Леса здесь нет, и уже никогда не будет в этой комнате, где слишком много голосов и слишком много изменений, все стало другим, даже коты, нормального ничего нет, нет ничего безопасного. Лес можно найти где-то еще, подальше от встревоженных голосов и ухмыляющихся котов.
Бесшумная, как Друг Заяц, быстротой превосходя белку, Айрис выскальзывает из комнаты, через арку, пытаясь увидеть молодые буки, и золотарник, и терновник, и ольху, в поисках безопасной лощины, заросшей орешником, утесником и кизилом, ветви которых переплетаются, и солнечные лучи превращают их в золотую сеть, безопасную и скрытую от людей лощину, где родился Бэмби.
* * *
Бейли Хокс
Они не стали тщательно обыскивать второй этаж, быстро обошли его. Сам Бейли, Туайла, Уинни, Спаркл, Айрис и Кирби жили на этом этаже, и искать их не требовалось. По словам Спаркл, ее непосредственные соседи, Шеллбруки из квартиры «2–3», уехали в отпуск, и Кордованы из «2-Д» – тоже. Квартира «2-И» пустовала, выставленная на продажу. Роули и Джун Таллис, владельцы ресторана «У Топплера», целыми днями находились на работе. Скорее всего, и в момент прыжка.
Бейли время от времени спрашивал: «Есть здесь кто-нибудь?» – но ответа ни разу не получил. Он и Кирби спустились по северной лестнице на первый этаж, где и увидели трех человек около двери в вестибюль. Они шли к ним по коридору. Бейли сразу узнал Падмини Барати, а потом Тома Трэна и Сайлеса Кинсли, все еще одетых в плащи.
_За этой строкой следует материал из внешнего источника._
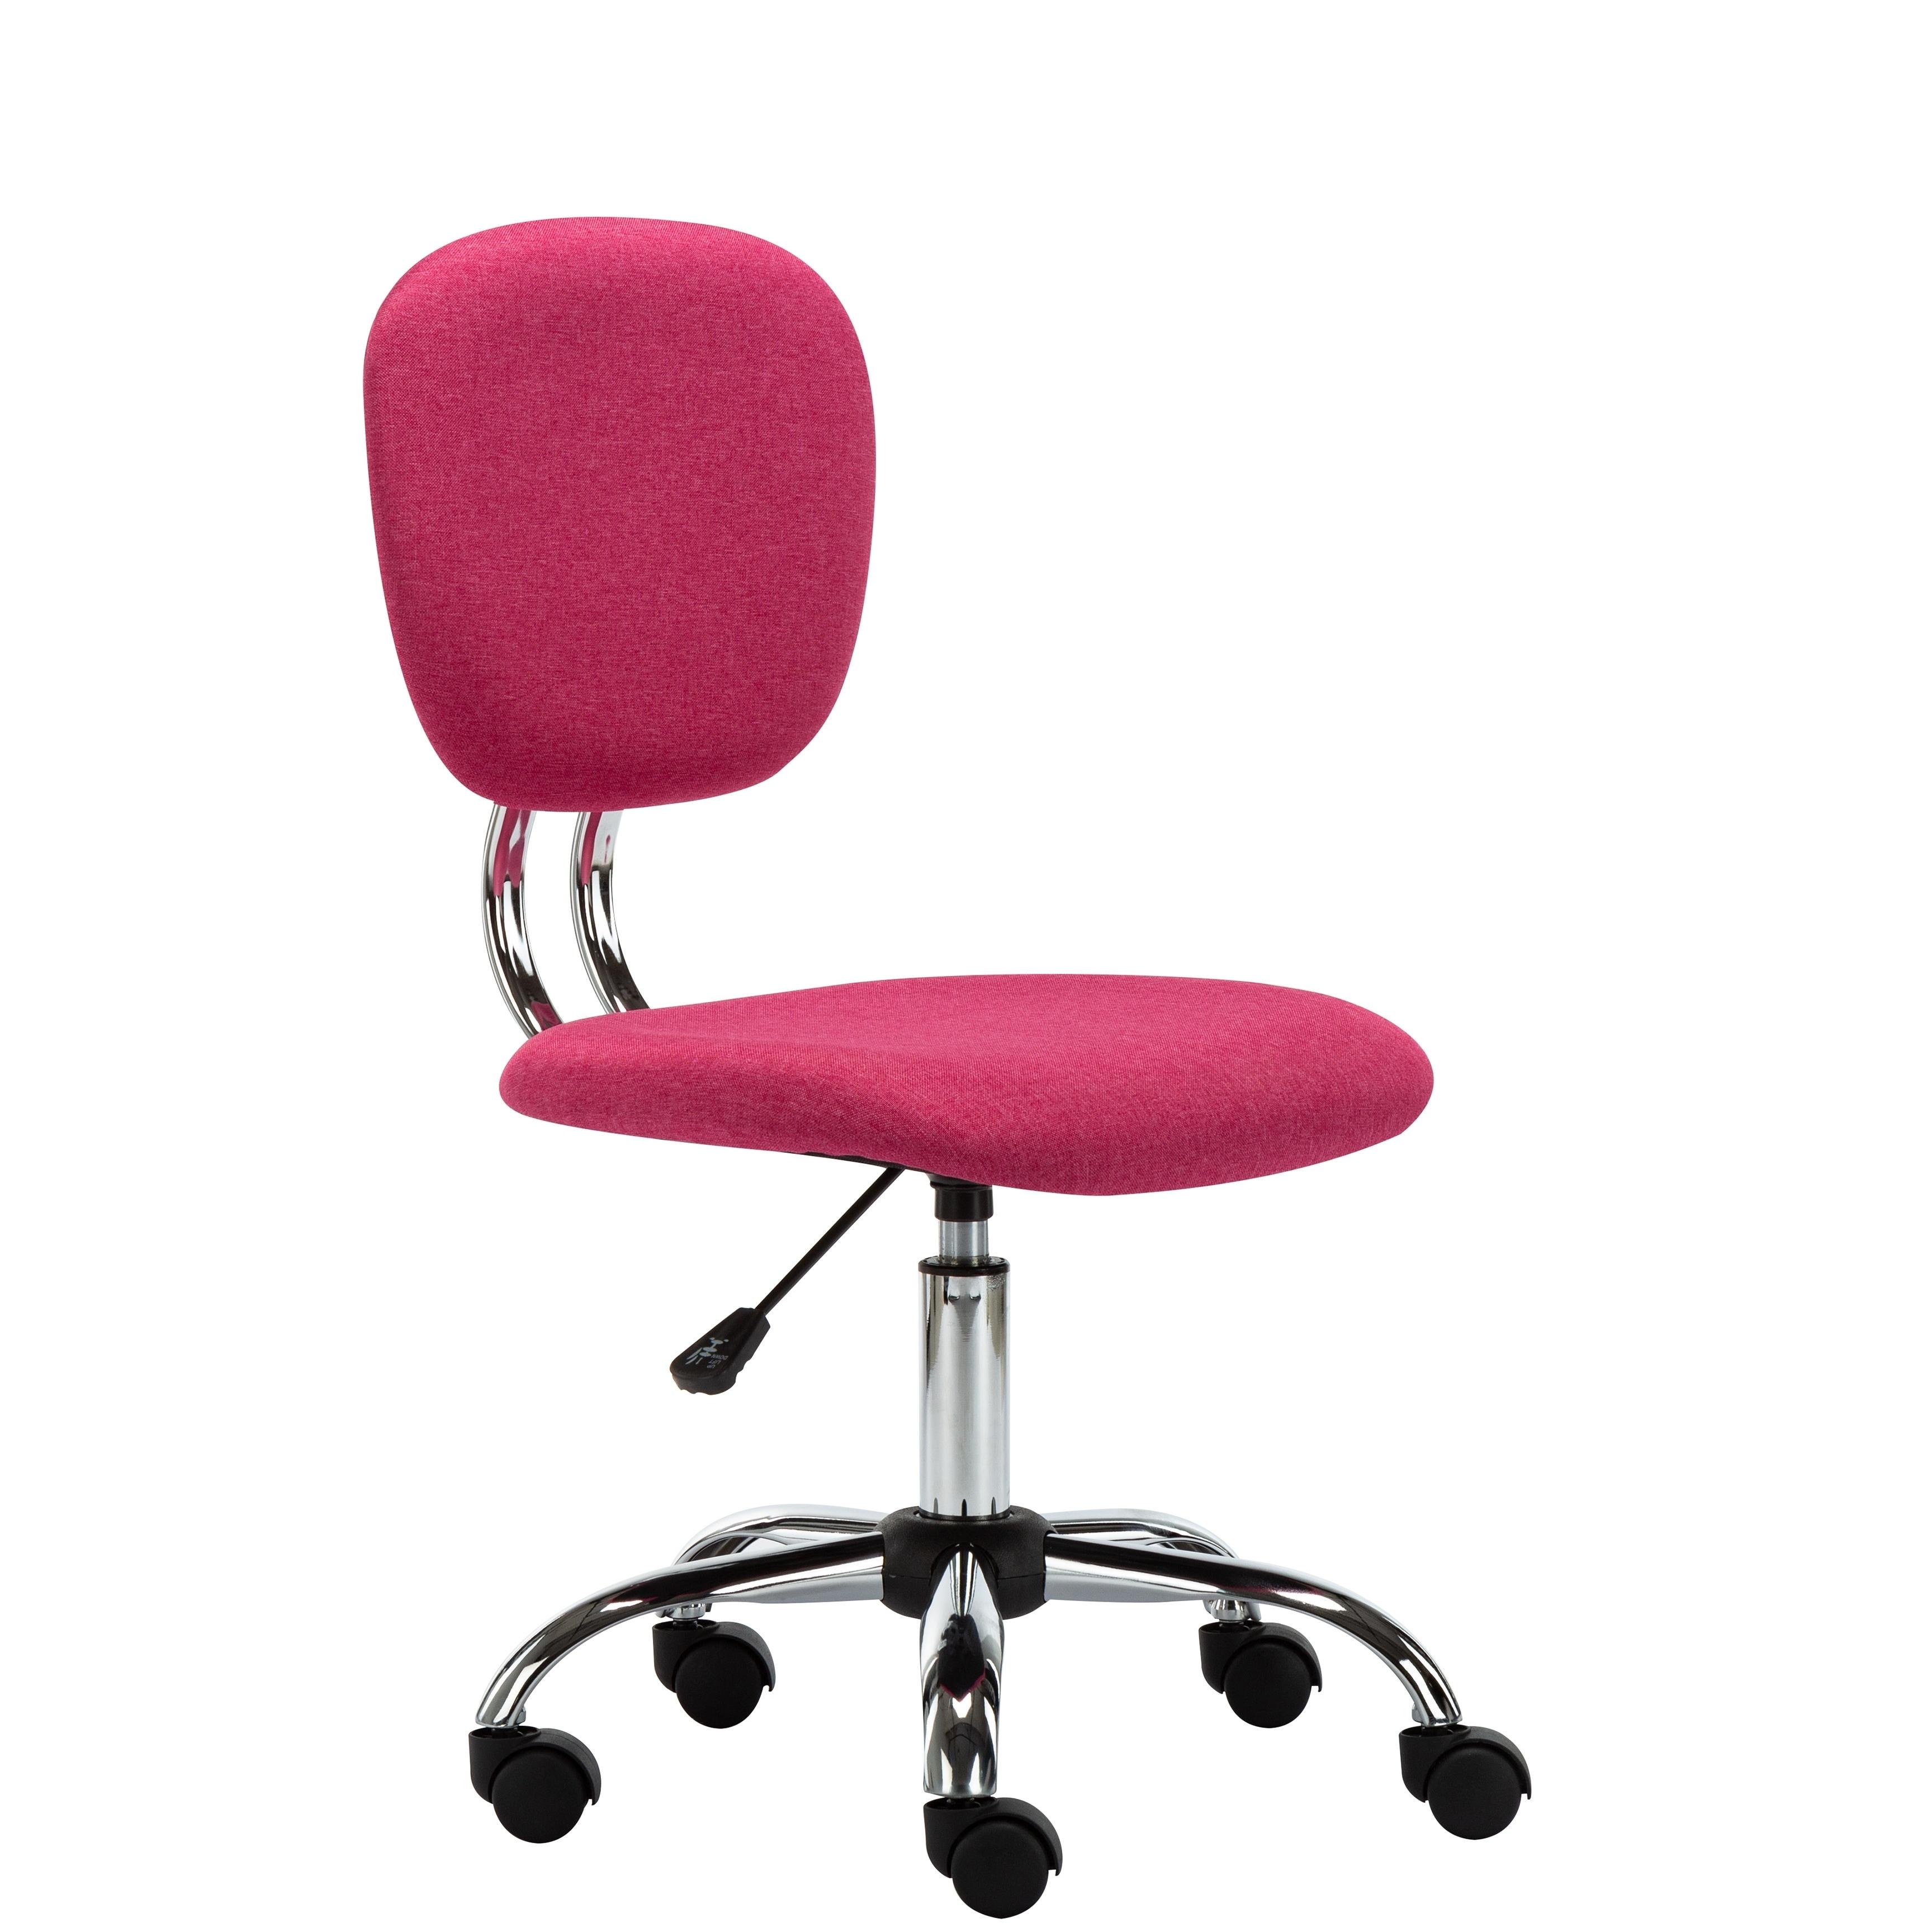 Porthos Home Office Chair Premium Quality Designer Office

Все пятеро сошлись у туалетов, которыми пользовались люди, приходившие на вечеринки в банкетном зале. Поскольку свет грибов напоминал Бейли масляные лампы со слюдяными стенками, увиденные им на стенах одной пещеры в Афганистане, где талибы устроили оружейный склад, он чувствовал, что это не просто путешествие во времени, но война, участниками которой они стали неожиданно для себя. Никто из его людей, насколько он знал, еще не умер, но боевые действия могли начаться в любой момент. И, судя по испуганным лицам Падмини, Тома и Сайлеса, они придерживались того же мнения.
* * *
Уинни
Он не подозревал об уходе Айрис, пока не посмотрел на девочку. Увидел, что та уже миновала арку и приближается к дальней стене соседней комнаты, фигурка-тень, движущаяся сквозь этот жутковатый желтый свет.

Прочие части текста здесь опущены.